Türkiye’de de tablo aynı. Siyasi iktidar hayat pahalılığıyla, baskılanan ücretlerle, artan vergi yüküyle ekonomik yıkımın bedelini işçi ve emekçilere ödetmeye çalışıyor. İşçi ve emekçiler Cumhuriyet tarihinin rekor yoksullaşmasını yaşarken sermaye sınıfı kâr rekorları kırıyor. İşte güncel bir örnek: Sabancıların sahibi olduğu Pegasus Hava Yolları geçtiğimiz günlerde, piyasa değeri yaklaşık 4,5 milyar dolar olan 44 uçağı vergi indirimlerinden yararlanarak bedavaya getirdi. Siyasi iktidar bu gibi sayısız örnekle sermaye sahiplerini kanatlarının altına alırken işçi ve emekçilerin kolunu kanadını kırıyor. Grevler yasaklanıyor, sendikalaşma çabaları baskıyla ezilmek isteniyor. Öte yandan demokratik ve siyasal haklar ortadan kaldırılıyor. Toplum adeta nefessiz bırakılıyor.
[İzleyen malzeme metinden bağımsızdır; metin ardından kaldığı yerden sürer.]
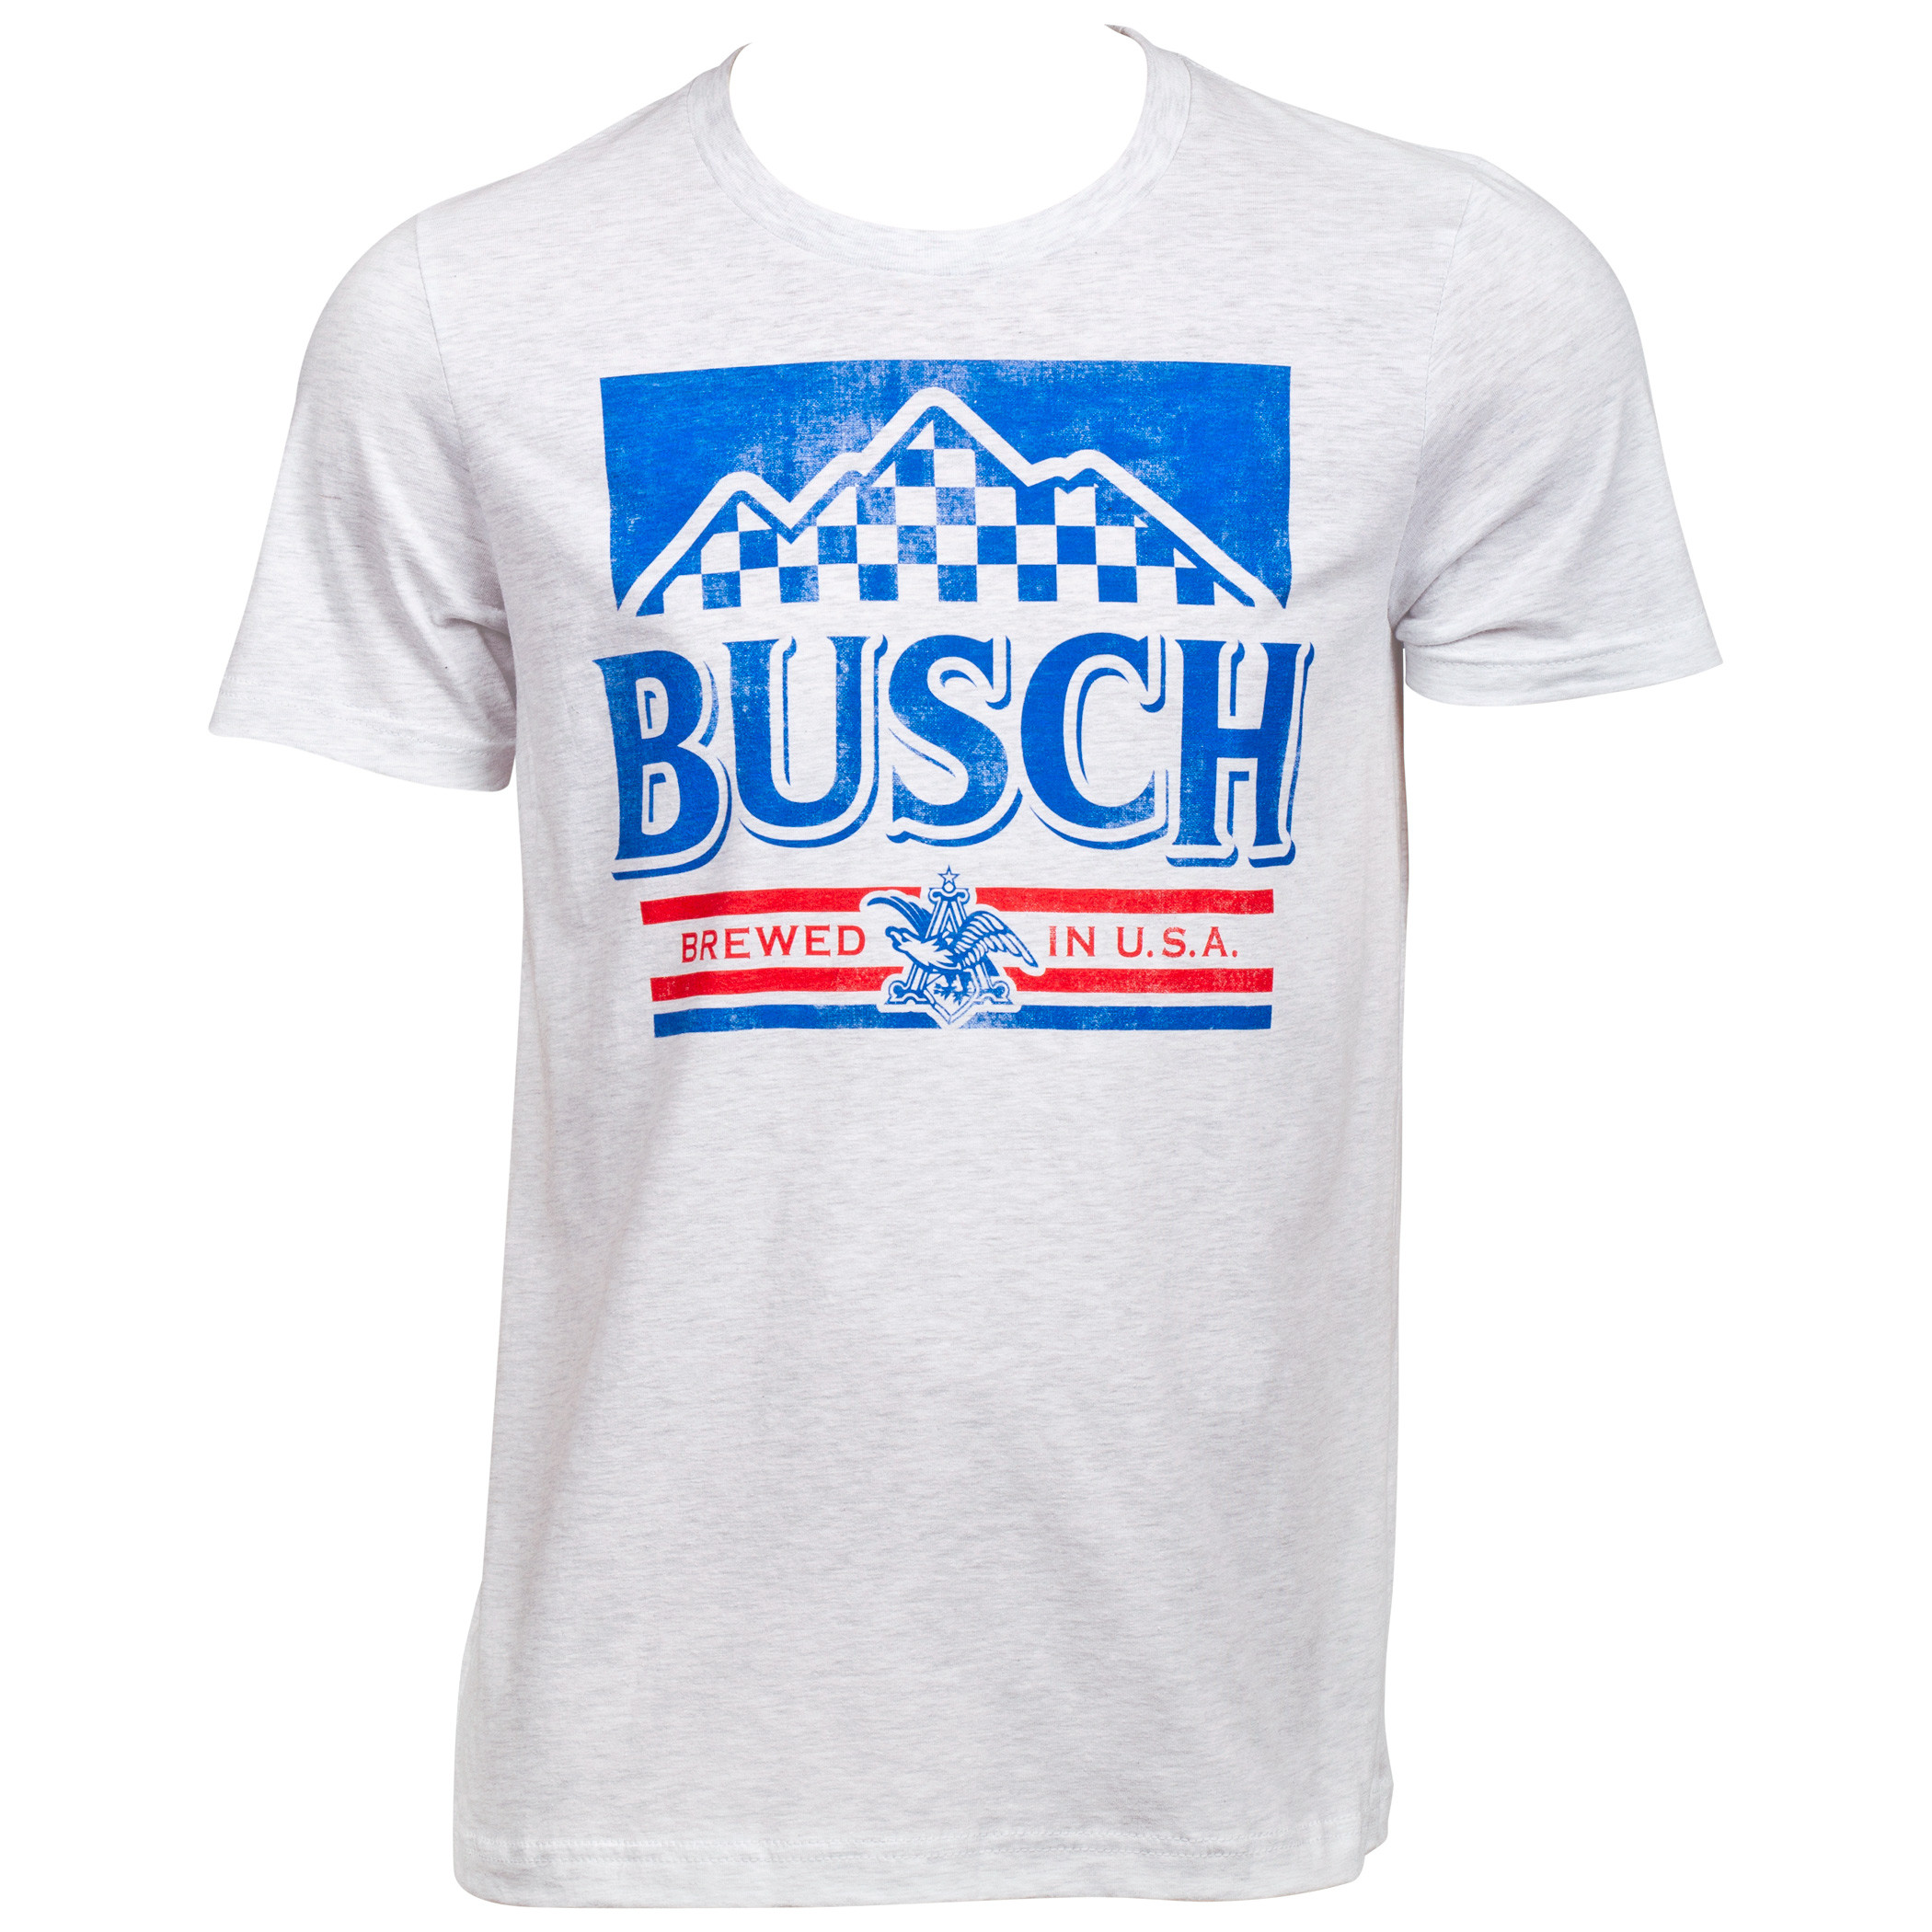 Busch Light Retro Label T Shirt M

Biriken enerji mutlaka günü geldiğinde açığa çıkar, su akar ve yatağını bulur. Siyasi iktidarın 19 Martta başlattığı gözaltı saldırısının ardından yaşananlar başka türlü açıklanamaz. Yoksullaştırılan emekçi kitleler, yok sayılan kadınlar, geleceksizliğe mahkûm edilen gençler biriktirdikleri tepkiyi karşılarına dikilen barikatları aşarak, boykotlar örgütleyerek, eylemler yaparak ortaya koymuştur. İşte bu koşullarda işçi sınıfının tarihsel bir sloganı, “Kurtuluş Yok Tek Başına, Ya Hep Beraber, Ya Hiçbirimiz”, geniş kitlelere mal olmuştur.
İşçi sınıfının sanatçısı Bertold Brecht, Almanya’daki faşist rejimin mutlak hedefinde olan insanlardan biriydi. Rejim onu Alman vatandaşlığından çıkardı, eserlerini yasakladı, kitaplarını toplatıp ateşe verdi. Ama nafile, Brecht tüm dünya emekçilerinin gönlünde yaşamayı sürdürürken Hitler gibi faşistler lanetle anıldı. Brecht’in dizeleri yaşadığımız çağda da dünyanın tüm işçi ve emekçilerine, ezilenlerine yol gösteriyor. Toplumsal sorunların bireysel çözümü olamaz. İşçi ve emekçilerin dayanışması ve birliği olmadan engeller aşılamaz, kurtuluşa erişilemez. Kaderi ortak olan işçi ve emekçiler bir yol ayrımındadır: “Ya Hep Beraber, Ya da Hiçbirimiz!”